Nie sądzę, żebyśmy jako firma duża byli traktowani inaczej niż inne agencje. Mamy dokładnie te same problemy. Też zauważamy narastający trend, dotyczący przetargów, które kończą się niczym albo rozstrzygane są w dziwny, raczej niezbyt zrozumiały dla nas sposób. Walczymy z tym w różnie. Jako duża, bardzo kompetentna struktura jesteśmy w stanie klientowi udowodnić, że udźwigniemy każdy projekt. Mamy materialną przewagę na małymi organizacjami, ponieważ jesteśmy finansowo stabilni. Dla dużych klientów korporacyjnych ma to ogromne znaczenie. Natomiast to wszystko, o czym Pan mówi jest dla nas „chlebem powszednim”. Dlatego jako grupa z jednej strony funkcjonujemy jako swoisty monolit K2, a z drugiej strony mamy różne odnogi, dzięki którym możemy konkurować przy mniejszych, bardzo wyspecjalizowanych projektach.
Jakie najbardziej nowatorskie, unikalne działania wskazałby Pan jako najczęściej spotykane na rynku agencji interaktywnych?
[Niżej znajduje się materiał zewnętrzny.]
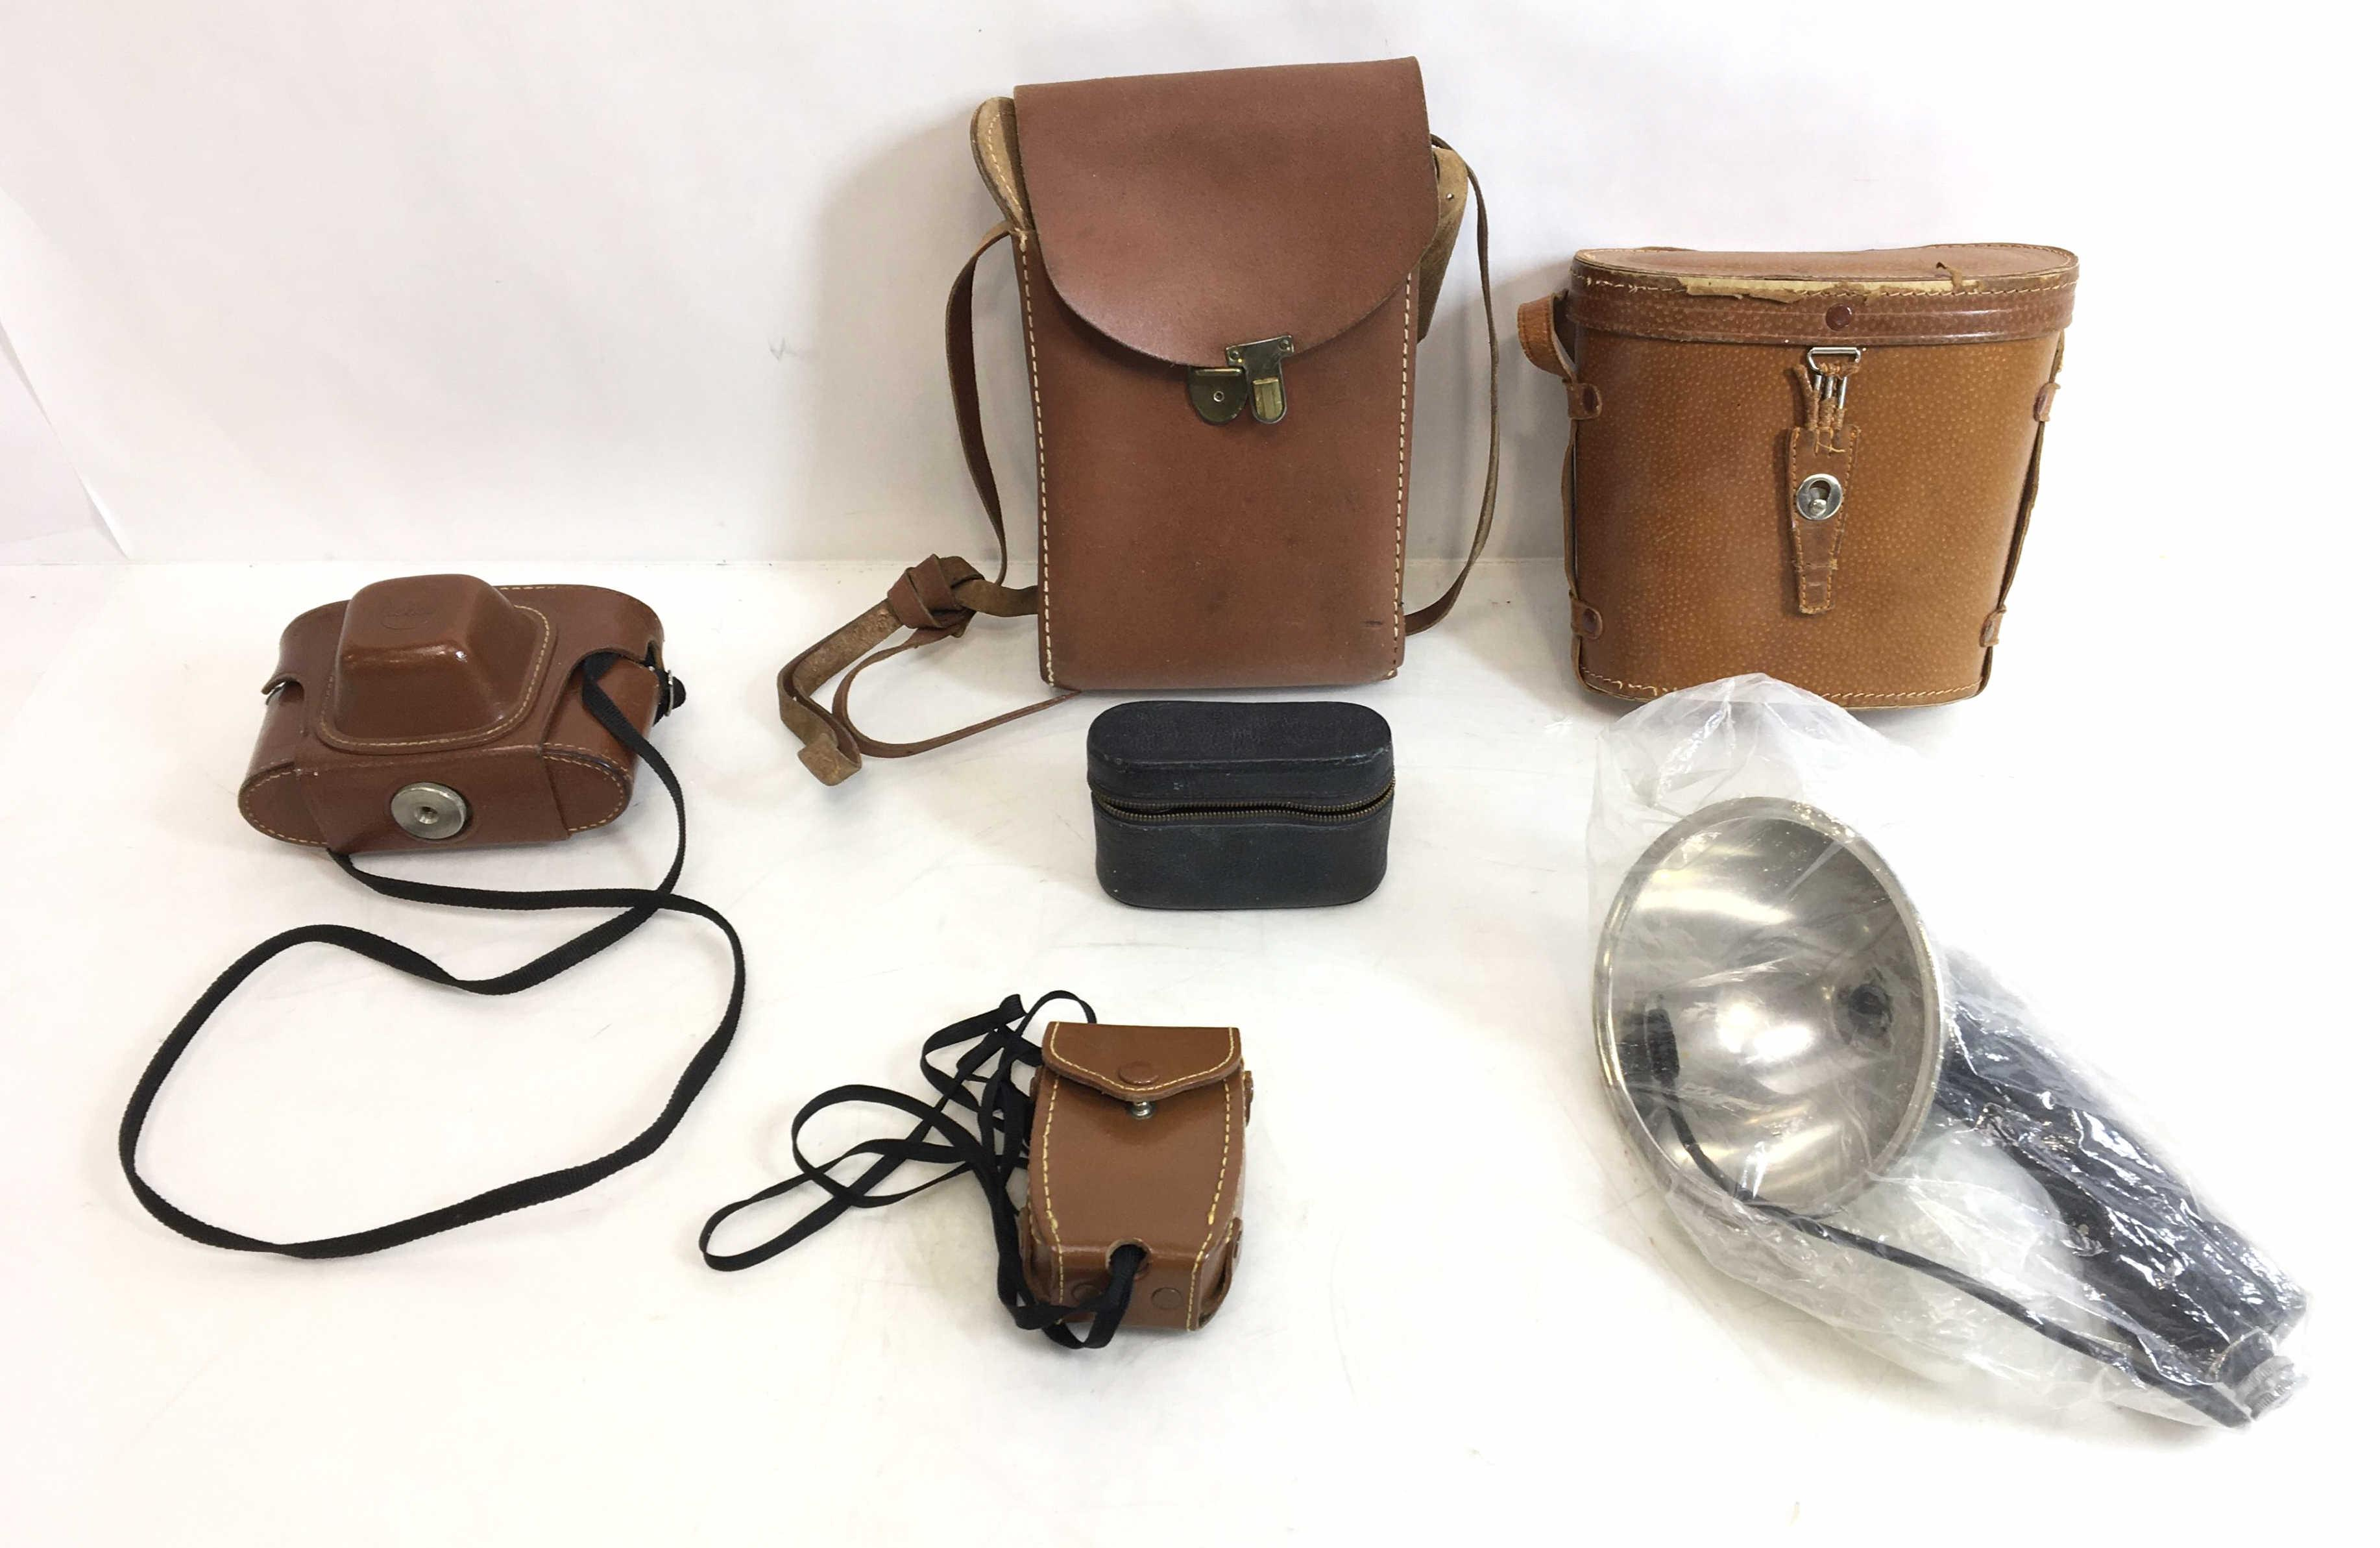 (6pc) Revere, GE, Kodak Cameras, Binoculars

O unikalności projektu świadczy mądre połączenie dobrego pomysłu oraz sprawnie działającej technologii. To, co nas odróżnia na rynku to fakt, że mamy pod jednym dachem bardzo różne kompetencje, na bardzo wysokim poziomie. Nie ma moim zdaniem drugiej takiej agencji, która miałaby tyle dobrych osób o bardzo różnych kompetencjach, co K2. Dla przykładu: nasza grupa zatrudnia więcej ludzi od samego UX niż kilka bardzo dużych agencji interaktywnych razem. Nie mogę oczywiście powiedzieć, że jesteśmy liderem w każdej z tych dziedzin, ale z ręką na sercu mogę stwierdzić, że mamy najbardziej różnorodny wachlarz oferowanych usług.
No właśnie, w ramach Waszej grupy funkcjonuje 8 różnych „firm”, gdzie każda specjalizuje się w czymś innym. Która z tych „odnóg” jest „lokomotywą” całej grupy?
Zdecydowanie naszym najsilniejszym biznesem pozostaje Agencja K2, bardzo szybko rozwija się działka SEM/SEO, zaś ostatnie 2 lata to oczywiście szaleństwo, jeśli chodzi o popyt na marketing społecznościowy.
Do Waszej grupy należy K2 Web Systems. Mówi się o tym, że agencje interaktywne już wkrótce zaczną wyręczać w pracy firmy informatyczne? Zgadza się Pan ze mną?
To jest jedna z tych sytuacji, o której mówiłem wcześniej. Zrealizowaliśmy w tym roku nowy portal dla PKO bp i jesteśmy, podobnie - jak mam nadzieję - klient i sami konsumenci zadowoleni z rezultatu. Ale widzieliśmy inne tego typu projekty realizowane w konfiguracji typowa firma IT i butik interaktywny, firma doradcza plus firma IT czy też samodzielnie przez firmy IT. Takie firmy jak K2 są bliższe konsumentowi, lepiej rozumieją projektowanie interfejsu, komunikację itp. Oczywiście, kiedy przychodzi do integracji z zaawansowanymi systemami wewnętrznymi, firmy IT starają się przekonać, że tylko one mają właściwą ekspertyzę. Niemniej trend na Zachodzie jest jasny - takie zlecenia dostają firmy podobne do K2 lub wyspecjalizowane firmy IT, które koncentrują się na rozwiązaniach webowych. W Polsce do takich firm należy m.in. AMG.net. K2 Web Systems ma zupełnie inną rolę w grupie, nie konkuruje z Agencją K2 o biznes webowy. Projektuje i wdraża systemy zagnieżdżone głęboko w back office - wspierające automatyzację procesów biznesowych, obieg dokumentów, dostarcza rozwiązania intranetowe itp.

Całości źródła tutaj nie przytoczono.